*WORK ITEM*
Please print exactly the lines from the line containing "Italica (Historische Römische Stadt)" through the end of the data, no more, and keep pictures out of the copy.

*GIVEN DATA*
++++++

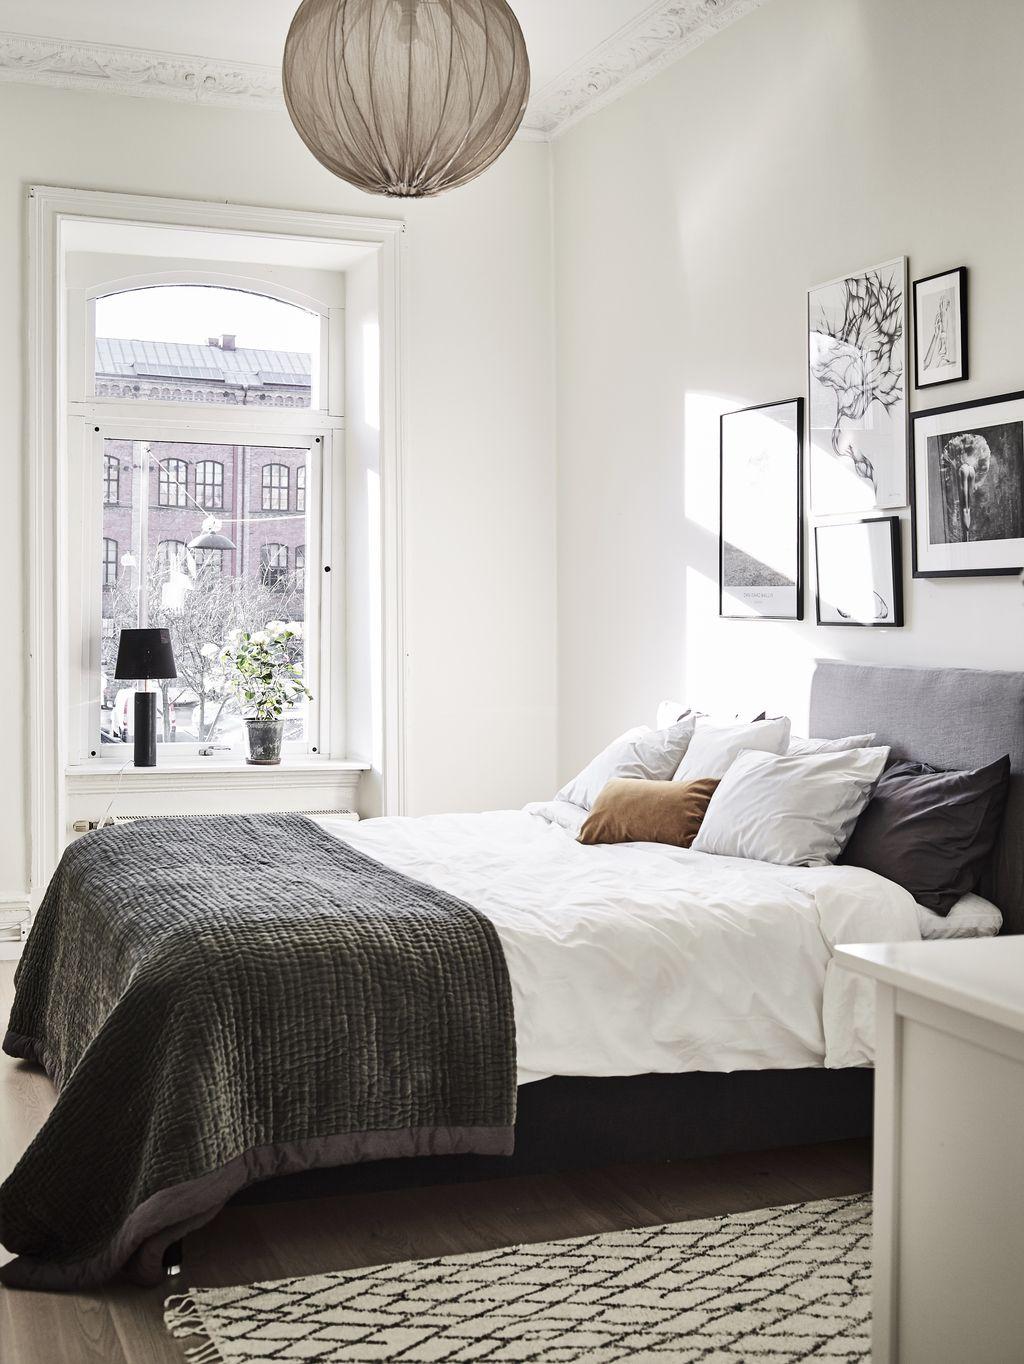 Scandinavian Interior Design Wohnzimmer Skandinavisches Schlafzimmer Schlafzimmer Und Schlafzimmer Ideen
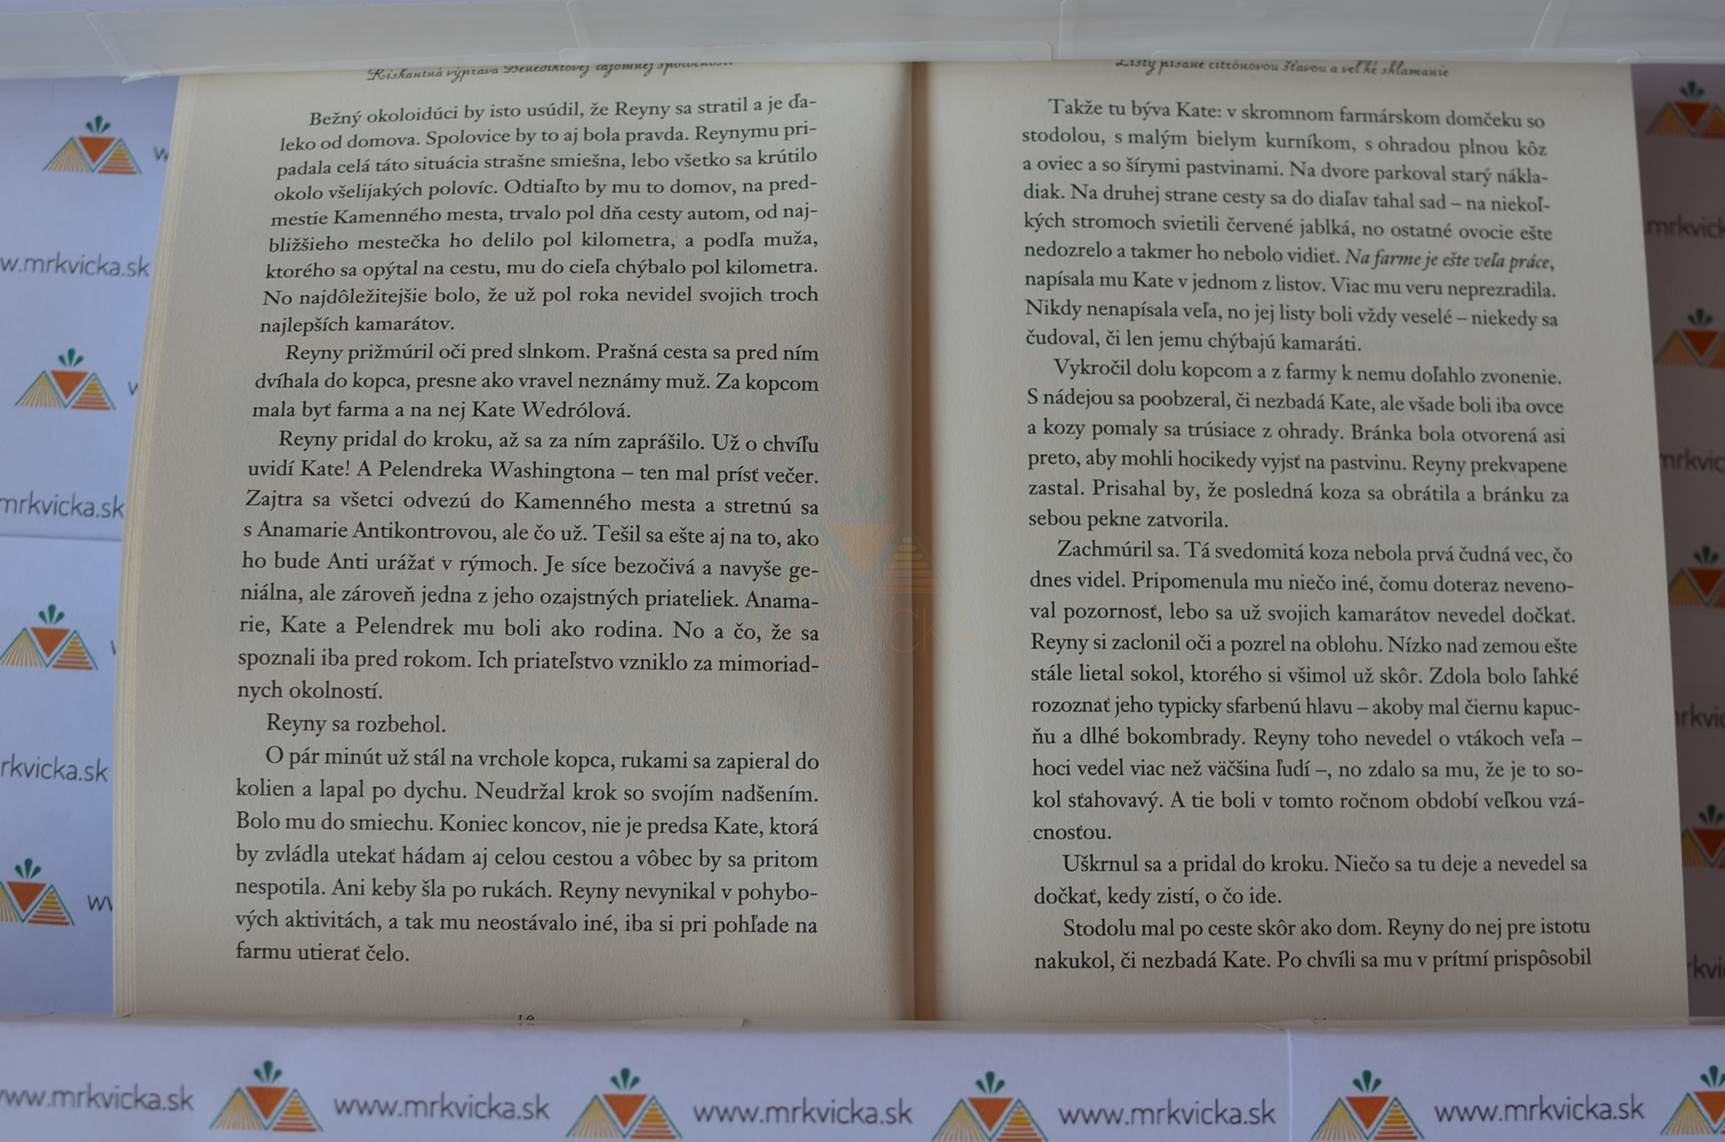 Benediktova Taj. Spol. 2 - Riskantná výprava Benediktovej tajomnej spoločnosti
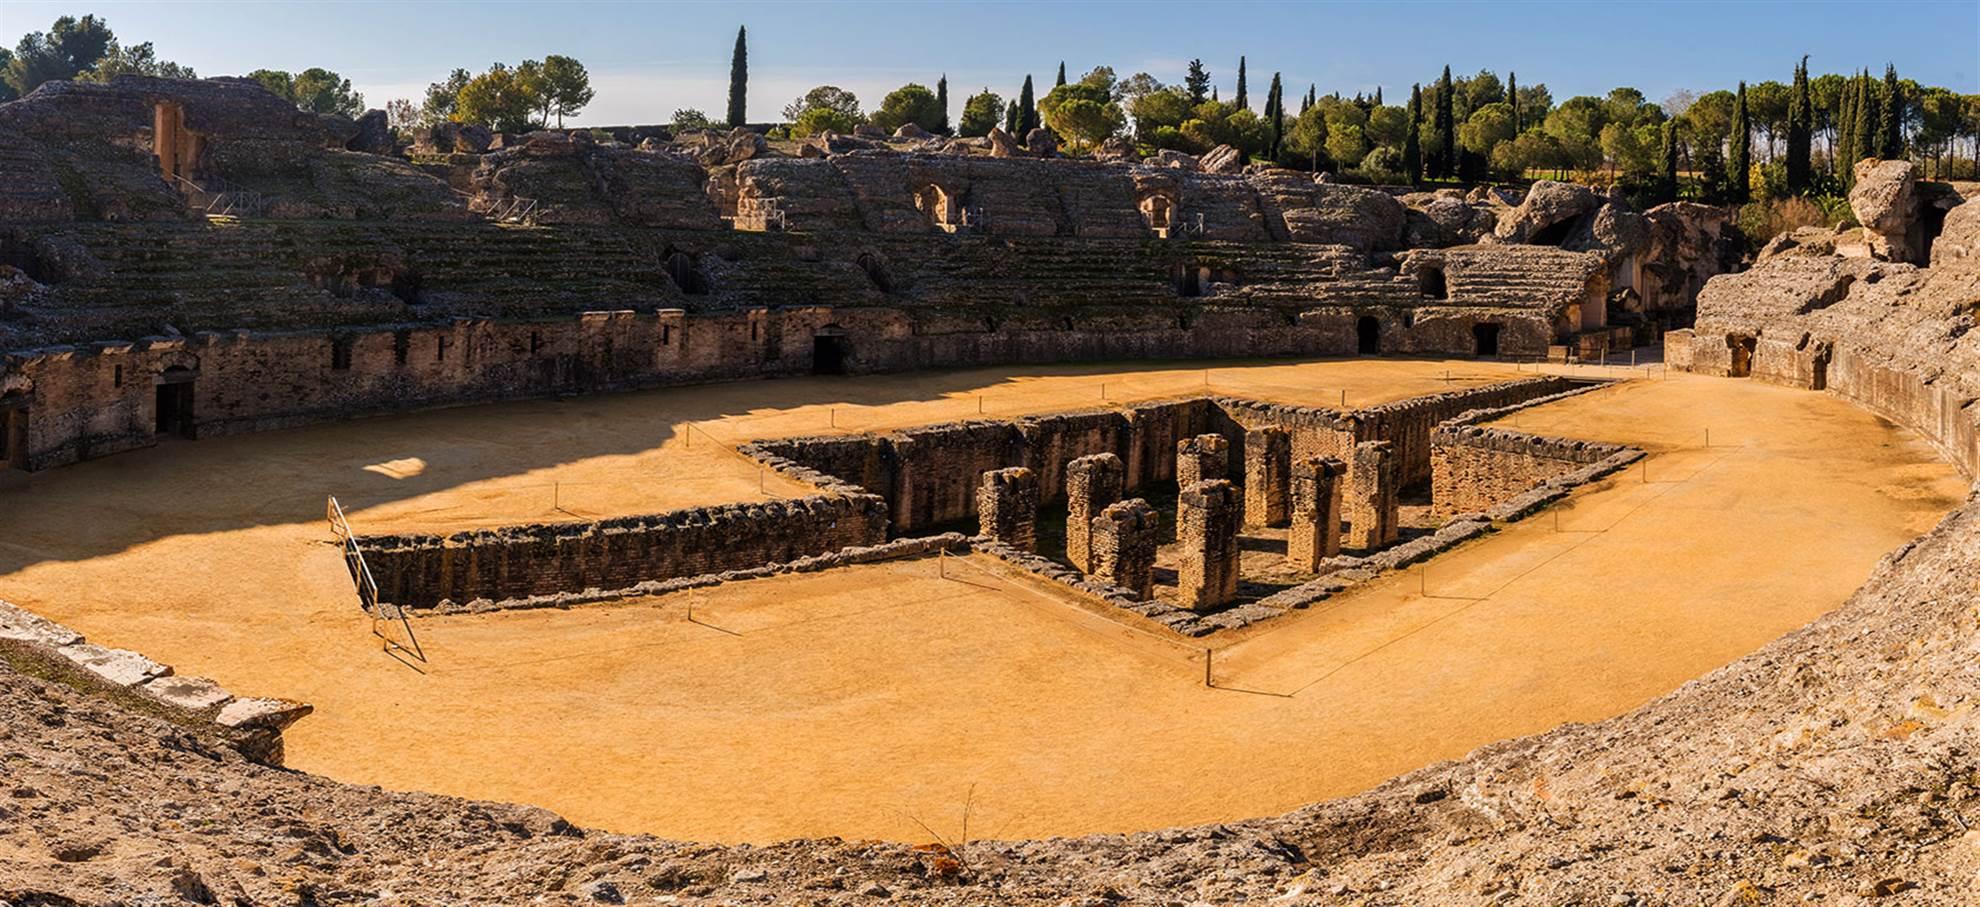 Italica (Historische Römische Stadt)
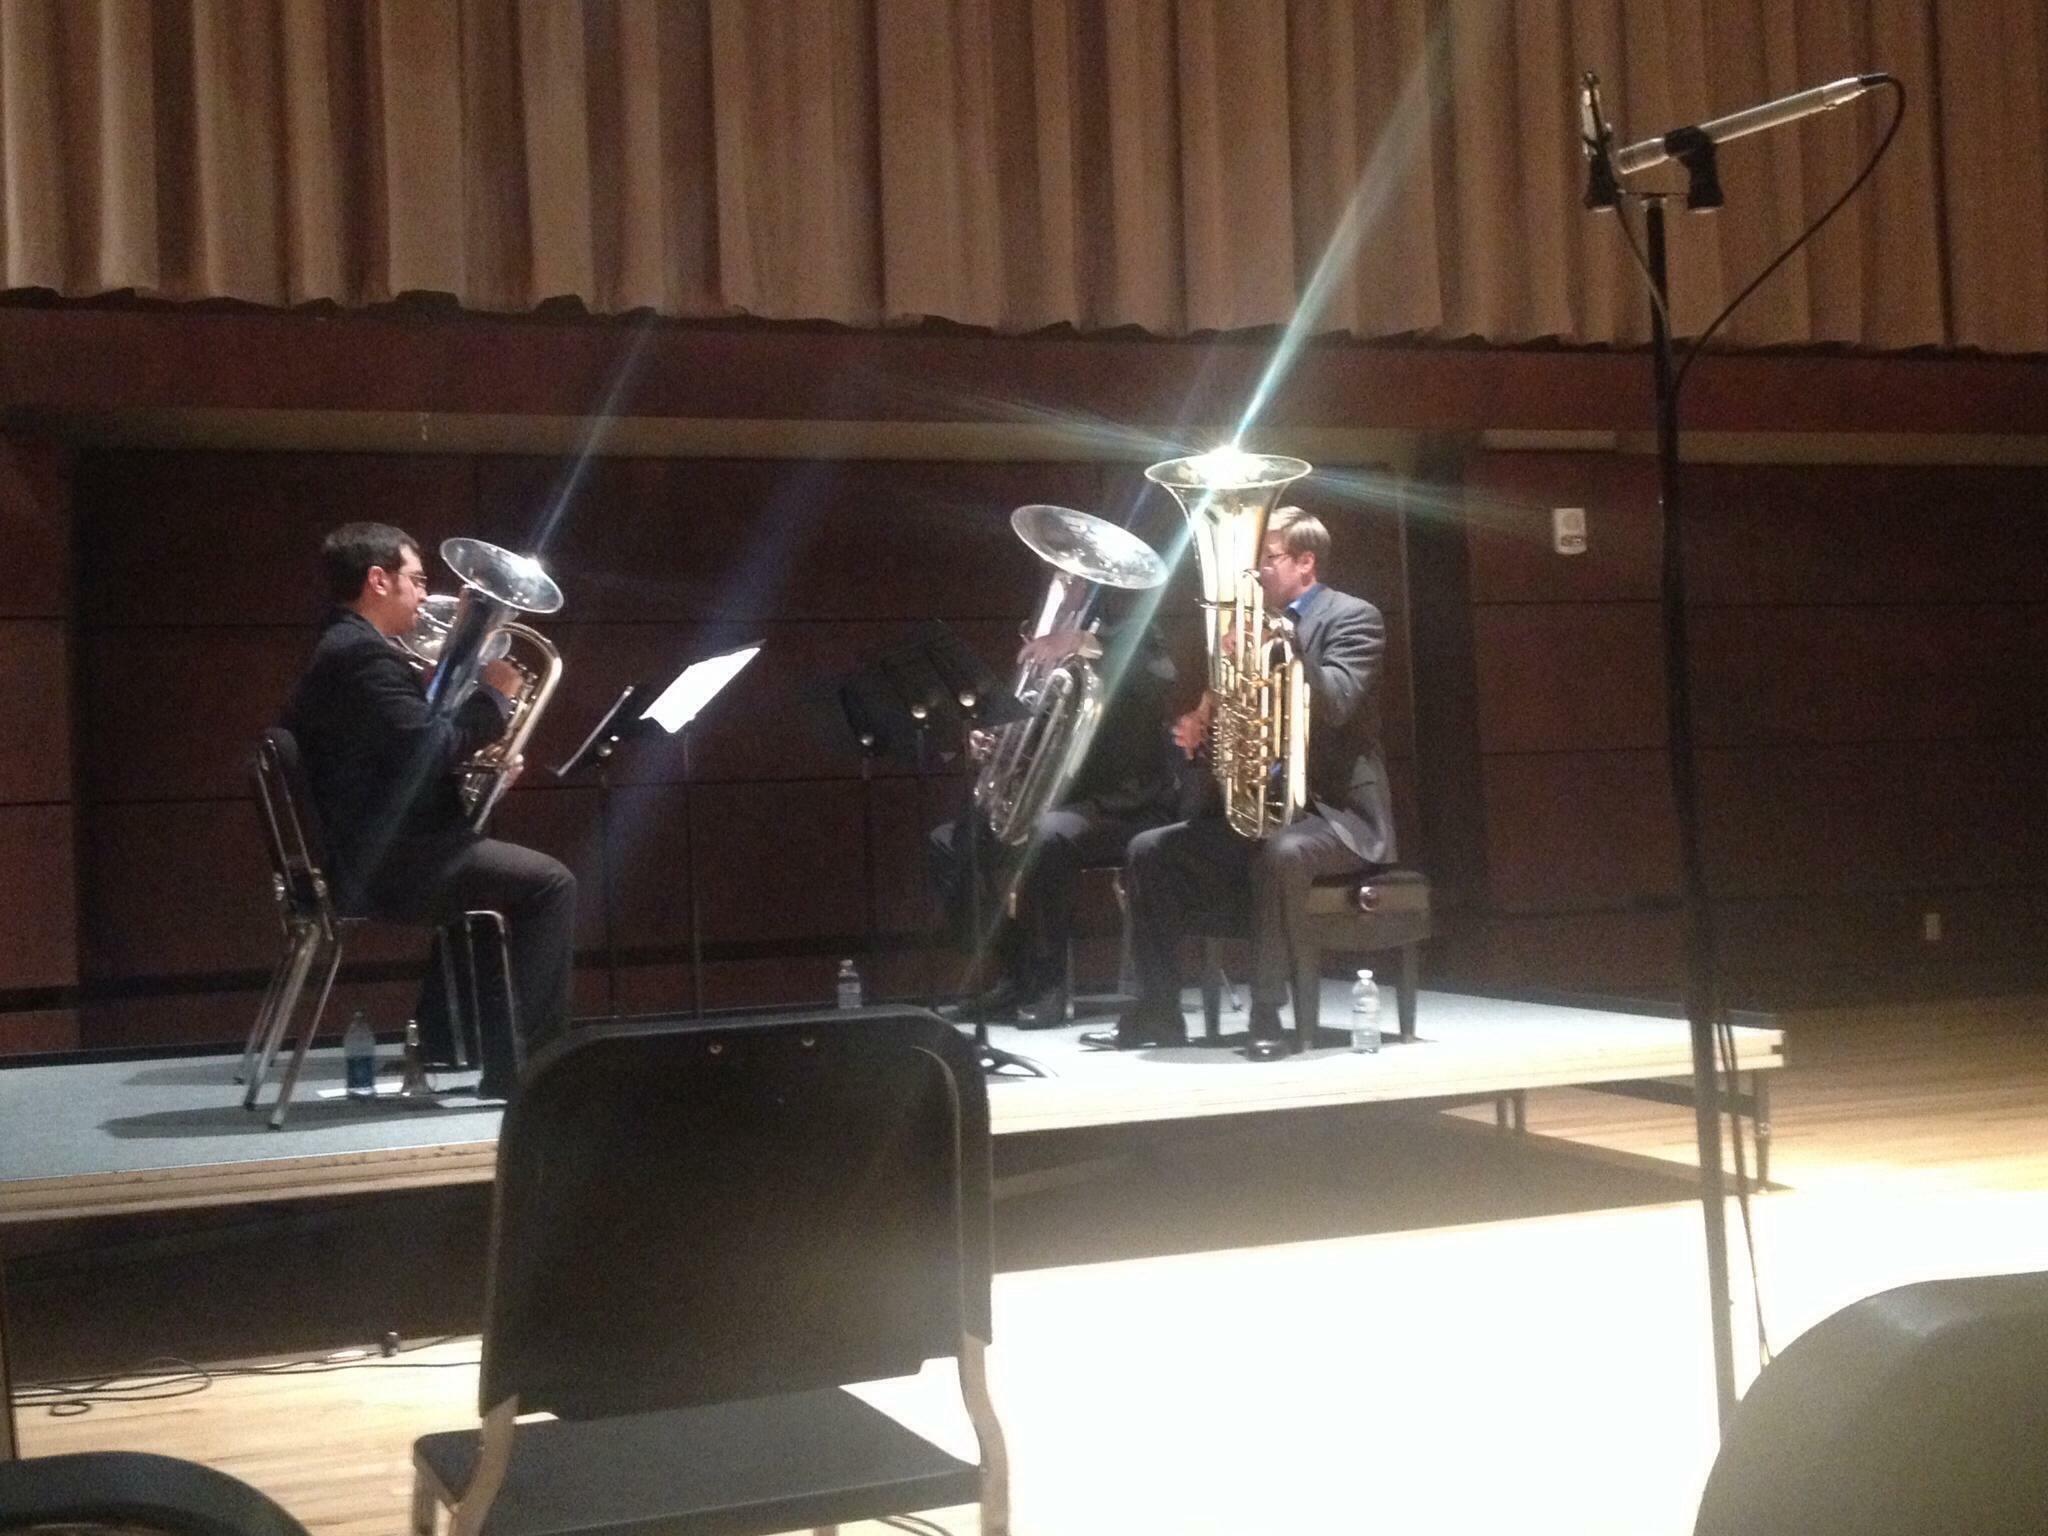 Founders Quartet recital at OCU with Jamie Lipton, Danny Chapa, and Steve Kunzer.

++++++

*YOUR SOLUTION*
 Italica (Historische Römische Stadt)
 Founders Quartet recital at OCU with Jamie Lipton, Danny Chapa, and Steve Kunzer.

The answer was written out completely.